Uit eerder onderzoek i is gebleken dat Grondwetsvoorstellen die in eerste lezing al geen tweederde meerderheid hadden, dat ook in tweede lezing - ondanks een nieuwe Tweede Kamer – niet kregen en dus werden verworpen. In deze analyse staan de voorstellen met een korte inleiding en met de stemverhoudingen in eerste lezing, om tenslotte te concluderen welke voorstellen waarschijnlijk de tweede lezing niet halen.
De invoering van een correctief referendum
Dit initiatiefvoorstel aanhangig gemaakt door het SP-Tweede Kamerlid Van Raak is het vierde voorstel om een referendum in enigerlei vorm in de Grondwet te krijgen. Eerdere pogingen, ingediend in 1996, 2000 en 2004 werden alle drie in tweede lezing verworpen. Wel bestond van 2015 tot 2018 de Wet Raadgevend referendum op basis waarvan de kiesgerechtigden de wetgevende macht een ‘advies’ over wetten konden geven.
Het verloop van het op basis van deze wet gehouden referendum over de Associatieovereenkomst tussen de Europese Unie en Oekraïne in 2016 was van dien aard dat een aantal politieke partijen zich distantieerden van welke vorm voor een referendum dan ook waardoor het derde voorstel uit 2004 in 2017 sneuvelde. Desalniettemin nam de Commissie Remkes het bindend referendum als aanbeveling in het eindrapport op als instrument om de democratie te versterken. Toen het kabinet hier zeer terughoudend op reageerde maakte Van Raak een nieuw voorstel aanhangig.

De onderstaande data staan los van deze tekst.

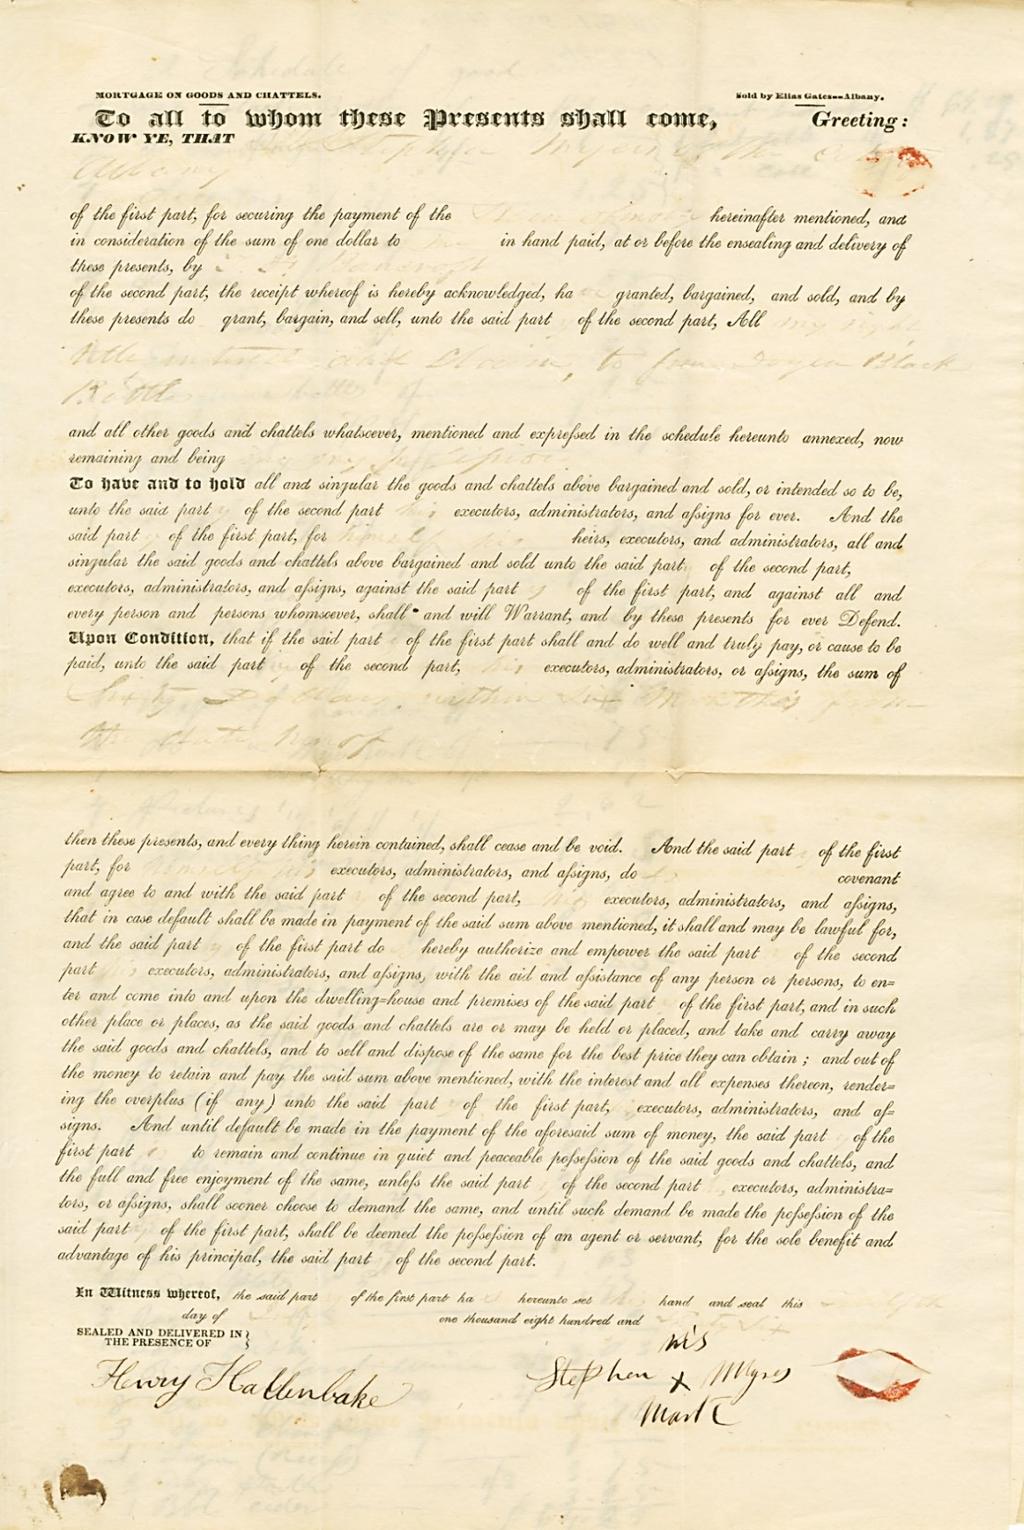 Chattel Mortgage 97-00734. Albany County Clerk, Chattel Mortgages, 1834-1837. File 816: Stephen Myers to T.F. Bancroft, Mortgage of Personal Property, 1836.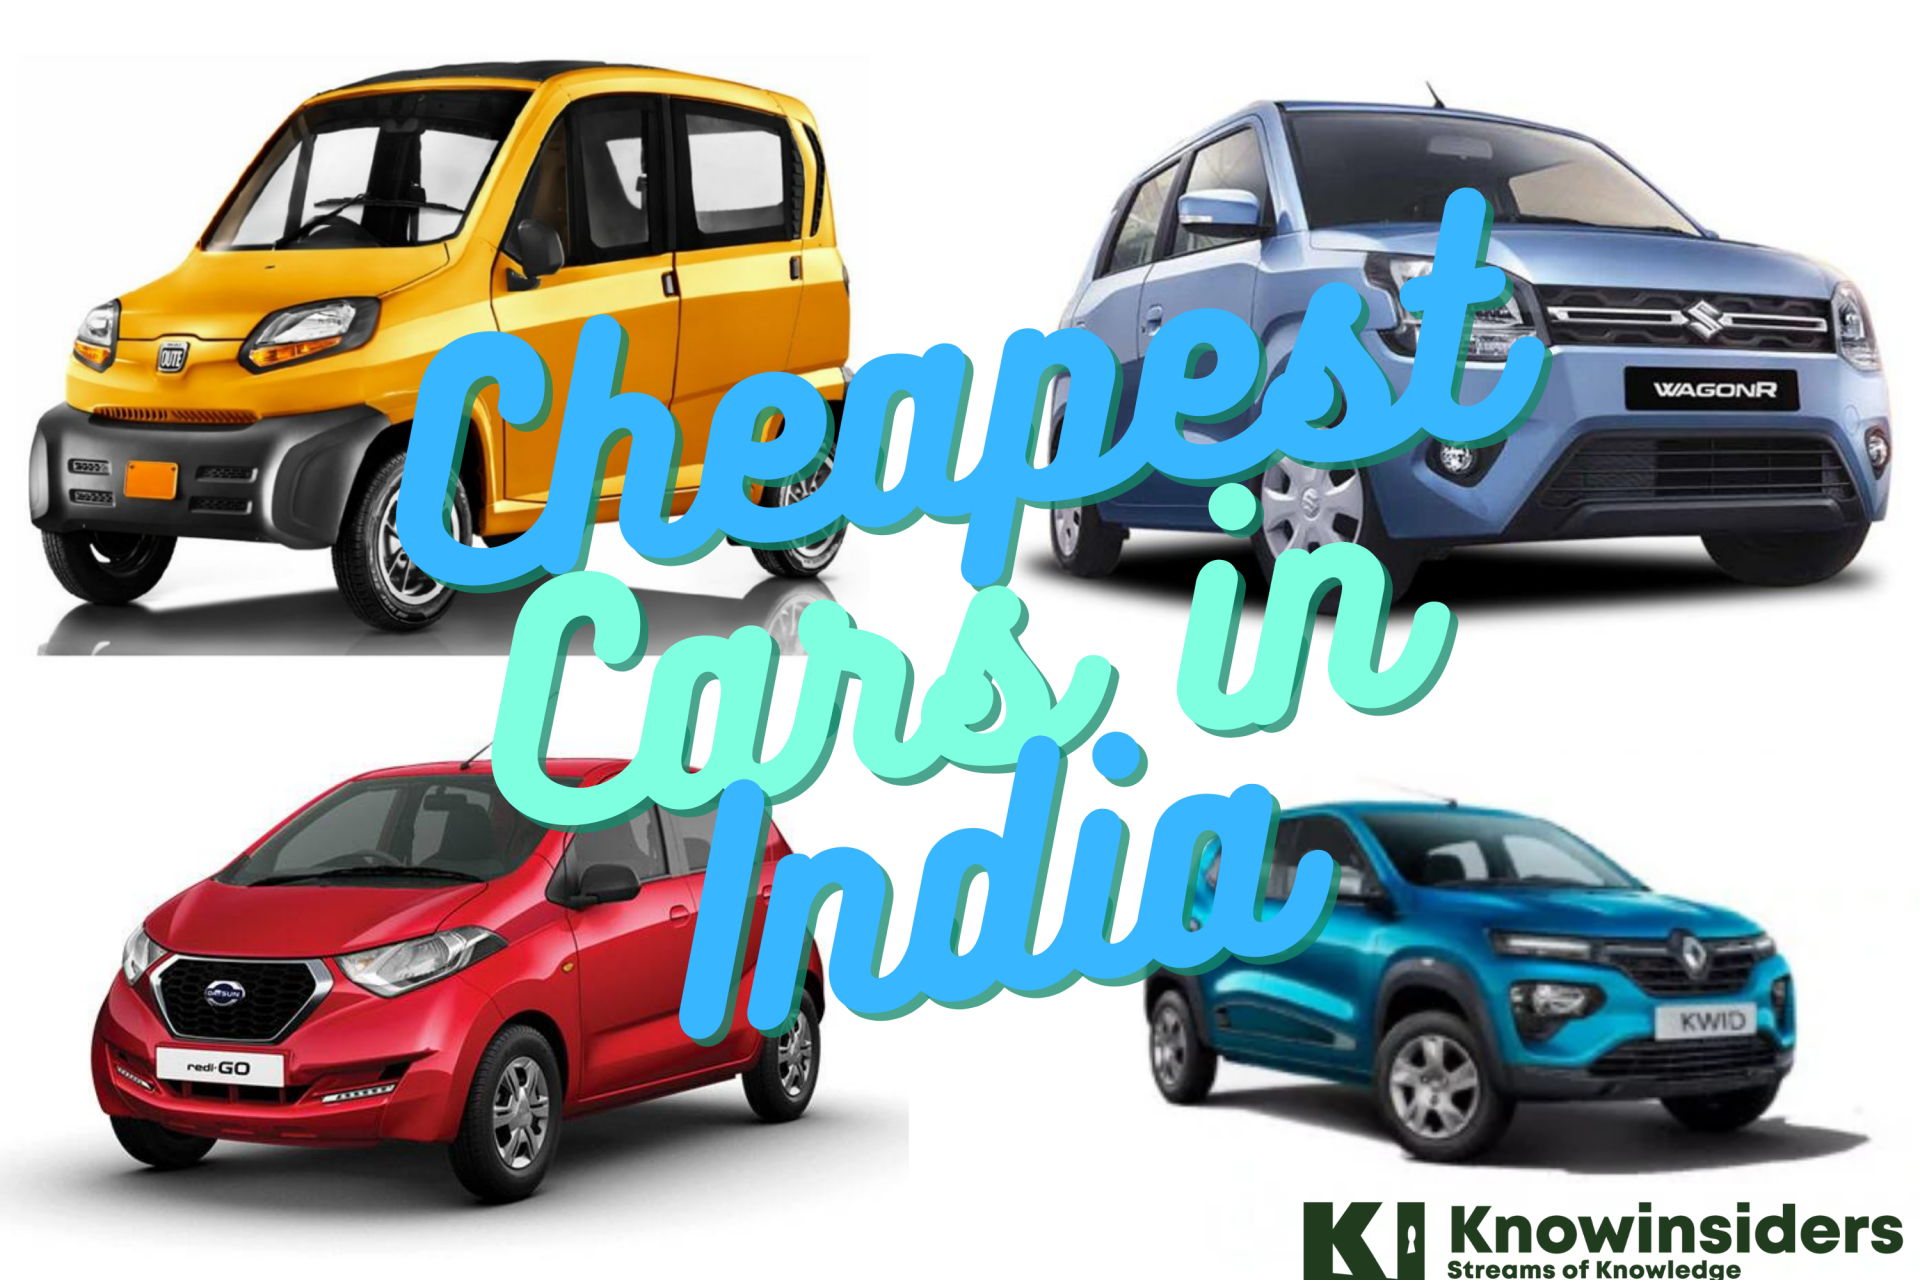 Top 15 Cars - Cheapest in India

Zowel in Tweede als Eerste Kamer was er wel een meerderheid voor het voorstel in eerste lezing. Zou er over het voorstel in tweede lezing in de Kamers in deze samenstelling zijn gestemd – waarvoor een tweederde meerderheid is vereist – dan zou het voorstel zijn verworpen.
De herijking tweede lezing grondwetswijziging
Het kwam in het begin van deze eeuw wel eens voor dat een Tweede Kamer die nog bezig was met de behandeling in tweede lezing werd ontbonden door een kabinetscrisis. De vraag rees dan of de nieuw gekozen Tweede Kamer het voorstel mocht afbehandelen. Het voorliggende voorstel wil daar antwoord op geven: nee dat kan niet. Als een Tweede Kamer over een voorstel in tweede lezing geen besluit neemt, vervalt het voorstel.
Zowel in Tweede als in Eerste Kamer stemde alleen de PvdD tegen.
Kiescollege Eerste Kamer niet ingezetenen
Op dit moment hebben Nederlanders die in het buitenland wonen geen invloed op de samenstelling van de Eerste Kamer. De leden van de Eerste Kamer worden namelijk gekozen door de Provinciale Staten en de leden van het kiescollege voor de Eerste Kamer in de Caribische Openbare lichamen.
Dit regeringsvoorstel wil nu dat kiesgerechtigden in het buitenland een kiescollege kunnen kiezen. Dit kiescollege is te vergelijken met het kiescollege in de Caribische Openbare Lichamen.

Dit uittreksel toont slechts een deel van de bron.